TO DO =
Please transcribe the listing in its entirety, character for character.

· · · · · · ·

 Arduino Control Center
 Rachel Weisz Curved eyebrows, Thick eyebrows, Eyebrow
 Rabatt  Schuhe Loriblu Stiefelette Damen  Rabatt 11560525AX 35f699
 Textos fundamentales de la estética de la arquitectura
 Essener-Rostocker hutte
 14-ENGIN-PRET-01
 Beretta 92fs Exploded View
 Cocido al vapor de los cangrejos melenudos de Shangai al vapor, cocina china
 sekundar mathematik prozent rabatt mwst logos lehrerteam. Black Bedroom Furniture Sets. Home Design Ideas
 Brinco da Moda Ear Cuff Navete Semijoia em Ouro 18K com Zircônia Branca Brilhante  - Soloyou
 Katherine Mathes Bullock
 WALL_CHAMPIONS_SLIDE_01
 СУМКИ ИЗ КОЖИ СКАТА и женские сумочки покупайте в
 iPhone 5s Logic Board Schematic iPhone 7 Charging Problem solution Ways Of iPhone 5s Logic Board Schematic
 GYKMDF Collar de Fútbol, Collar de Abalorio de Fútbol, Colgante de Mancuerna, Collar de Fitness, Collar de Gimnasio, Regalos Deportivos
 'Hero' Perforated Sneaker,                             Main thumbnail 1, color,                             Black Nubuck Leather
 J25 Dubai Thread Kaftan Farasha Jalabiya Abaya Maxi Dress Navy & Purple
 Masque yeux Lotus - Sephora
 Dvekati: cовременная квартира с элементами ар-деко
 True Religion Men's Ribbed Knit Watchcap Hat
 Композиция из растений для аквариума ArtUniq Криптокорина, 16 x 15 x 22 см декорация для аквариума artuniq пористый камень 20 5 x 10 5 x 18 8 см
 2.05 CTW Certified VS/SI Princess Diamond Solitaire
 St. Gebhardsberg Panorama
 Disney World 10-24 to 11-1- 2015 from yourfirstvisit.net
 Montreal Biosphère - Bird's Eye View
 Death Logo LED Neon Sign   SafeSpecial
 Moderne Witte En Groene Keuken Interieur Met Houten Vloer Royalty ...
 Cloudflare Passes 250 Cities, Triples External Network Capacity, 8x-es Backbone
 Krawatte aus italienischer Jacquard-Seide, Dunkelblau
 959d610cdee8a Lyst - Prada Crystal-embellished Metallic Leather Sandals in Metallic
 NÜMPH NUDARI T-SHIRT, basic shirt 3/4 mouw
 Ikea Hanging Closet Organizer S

· · · · · · ·

YOUR RESPONSE =
 Arduino Control Center
 Rachel Weisz Curved eyebrows, Thick eyebrows, Eyebrow
 Rabatt  Schuhe Loriblu Stiefelette Damen  Rabatt 11560525AX 35f699
 Textos fundamentales de la estética de la arquitectura
 Essener-Rostocker hutte
 14-ENGIN-PRET-01
 Beretta 92fs Exploded View
 Cocido al vapor de los cangrejos melenudos de Shangai al vapor, cocina china
 sekundar mathematik prozent rabatt mwst logos lehrerteam. Black Bedroom Furniture Sets. Home Design Ideas
 Brinco da Moda Ear Cuff Navete Semijoia em Ouro 18K com Zircônia Branca Brilhante  - Soloyou
 Katherine Mathes Bullock
 WALL_CHAMPIONS_SLIDE_01
 СУМКИ ИЗ КОЖИ СКАТА и женские сумочки покупайте в
 iPhone 5s Logic Board Schematic iPhone 7 Charging Problem solution Ways Of iPhone 5s Logic Board Schematic
 GYKMDF Collar de Fútbol, Collar de Abalorio de Fútbol, Colgante de Mancuerna, Collar de Fitness, Collar de Gimnasio, Regalos Deportivos
 'Hero' Perforated Sneaker,                             Main thumbnail 1, color,                             Black Nubuck Leather
 J25 Dubai Thread Kaftan Farasha Jalabiya Abaya Maxi Dress Navy & Purple
 Masque yeux Lotus - Sephora
 Dvekati: cовременная квартира с элементами ар-деко
 True Religion Men's Ribbed Knit Watchcap Hat
 Композиция из растений для аквариума ArtUniq Криптокорина, 16 x 15 x 22 см декорация для аквариума artuniq пористый камень 20 5 x 10 5 x 18 8 см
 2.05 CTW Certified VS/SI Princess Diamond Solitaire
 St. Gebhardsberg Panorama
 Disney World 10-24 to 11-1- 2015 from yourfirstvisit.net
 Montreal Biosphère - Bird's Eye View
 Death Logo LED Neon Sign   SafeSpecial
 Moderne Witte En Groene Keuken Interieur Met Houten Vloer Royalty ...
 Cloudflare Passes 250 Cities, Triples External Network Capacity, 8x-es Backbone
 Krawatte aus italienischer Jacquard-Seide, Dunkelblau
 959d610cdee8a Lyst - Prada Crystal-embellished Metallic Leather Sandals in Metallic
 NÜMPH NUDARI T-SHIRT, basic shirt 3/4 mouw
 Ikea Hanging Closet Organizer S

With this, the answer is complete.